Confidence Correction Mechanism (CCM). The current single-stage point-based detector tends to cause misalignment between localization accuracy and classification confidence (MLC) issue by simply using semantic scores as the sole criterion for filtering predicted boxes during post-processing. SGCCNet proposes a Confidence Calibration Module (CCM) for point-based multi-class detectors to alleviate this problem. As shown in Algorithm 2, the purpose of this CCM is to correct the confidence of the current vote point by using the prediction information of neighboring vote points.
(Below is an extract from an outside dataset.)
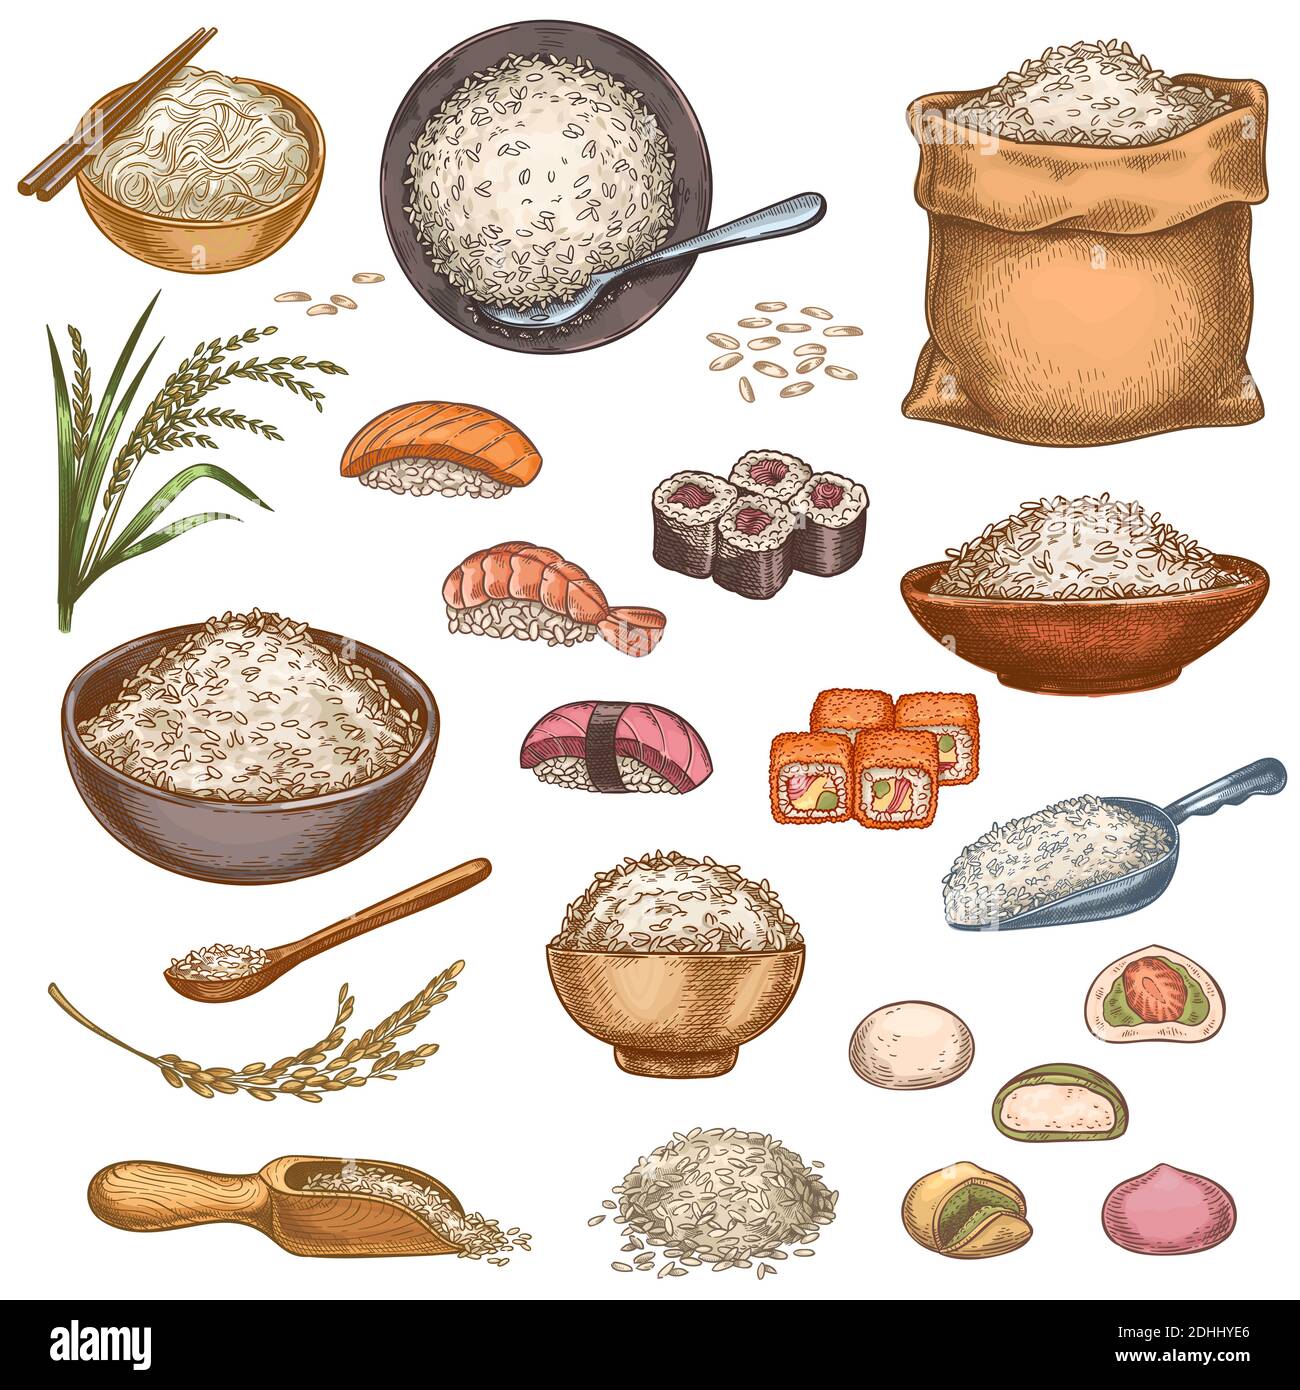 Reisgerichte. Handgezeichnete asiatische Gerichte Sushi-Brötchen, Mochi, Porridge Schüssel und Nudeln. Beutel und Stapel von Reiskörnern. Japanische Küche Vektorset Stock Vektor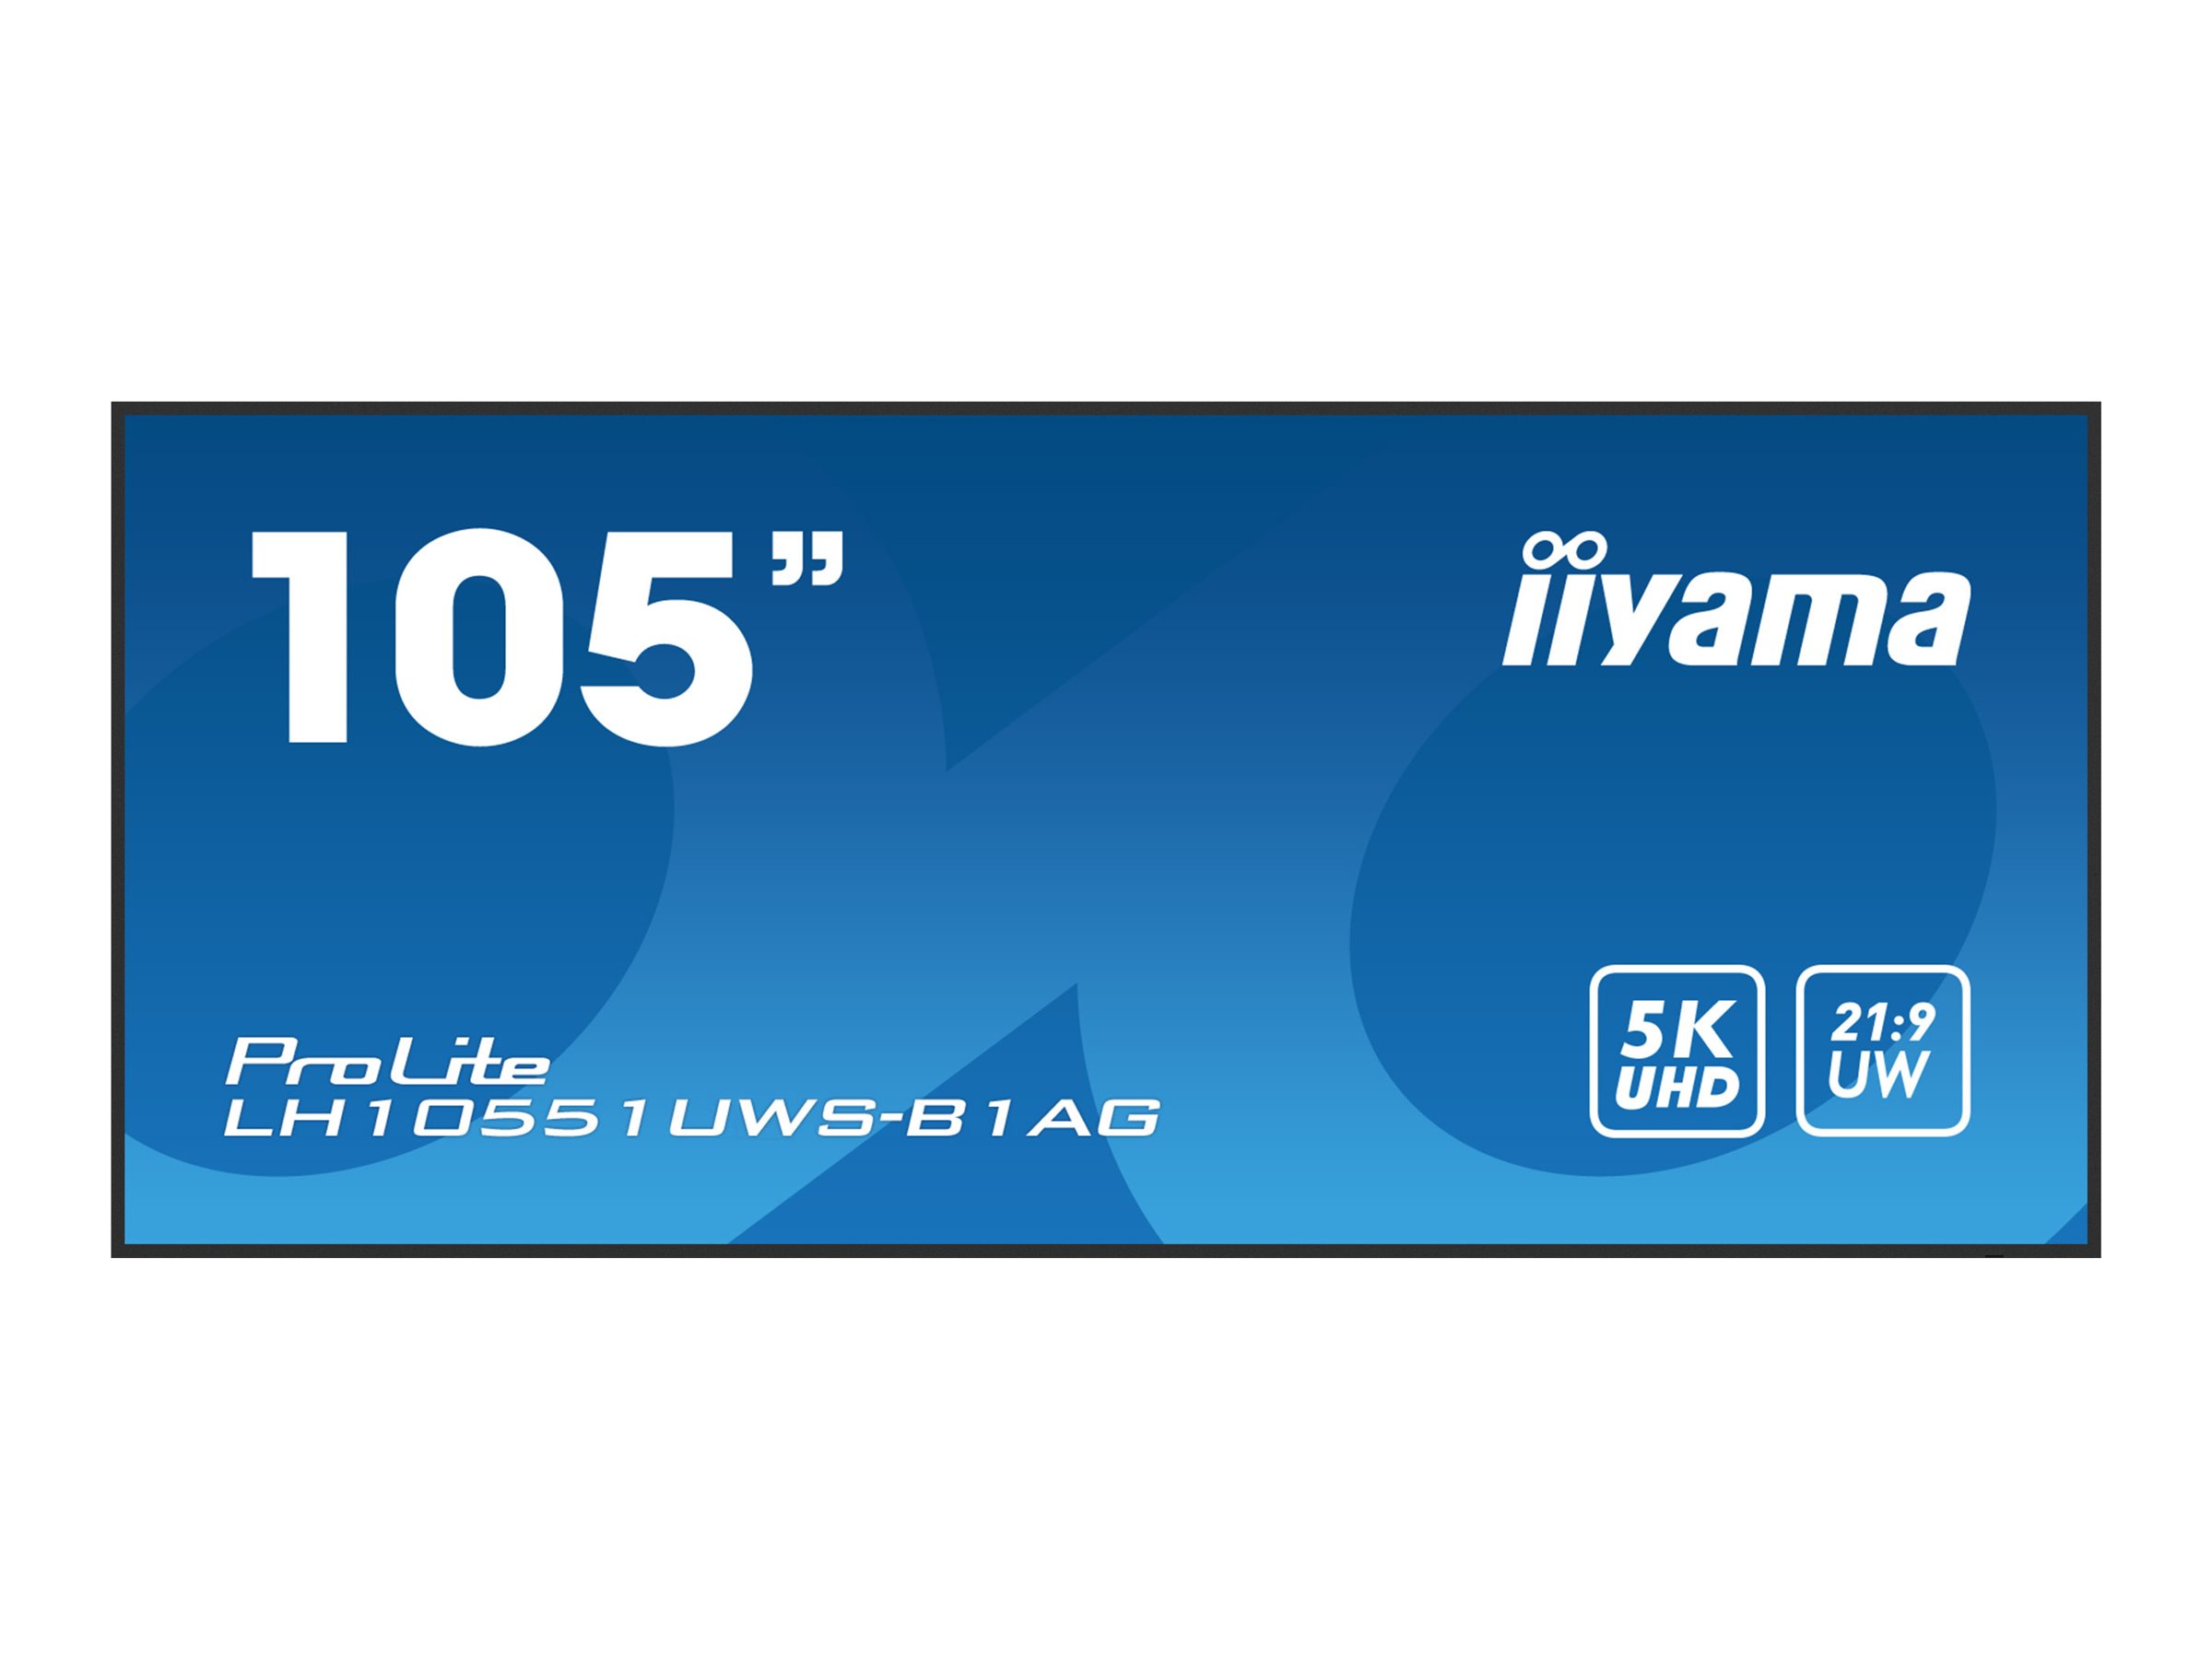 iiyama ProLite LH10551UWS-B1AG - Classe de diagonale 105" (104.7" visualisable) écran LCD rétro-éclairé par LED - signalisation numérique - 5K UHD (2160p) 5120 x 2160 - noir - LH10551UWS-B1AG - Écrans de signalisation numérique

Table VI quantitatively demonstrates the effectiveness of CCM, which can improve the model’s $mAP_{3D}^{11}$ by $0.42\%$ .

More intuitively, in Fig. 11 (b), we demonstrate the Precision-Recall (PR) curve of the model before and after adopting CCM. Although CCM itself does not possess learning capabilities, it can filter out false positive boxes and boxes with high semantic scores but inaccurate localization based on the predicted geometric information. As shown in the figure, the model can maintain a higher accuracy for a longer duration at higher recall, indicating a lower number of false positive targets compared to the scenario without CCM. We also illustrate the effectiveness of our consideration for missed targets in Table. VIII. It can be observed that after adding a certain confidence gain to targets with accurate localization but low semantic scores, the model exhibits significant improvements in various performance metrics. Fig. 15 visually demonstrates two such targets that possess distinct geometric information similar to the target, and they are ultimately detected by CCM.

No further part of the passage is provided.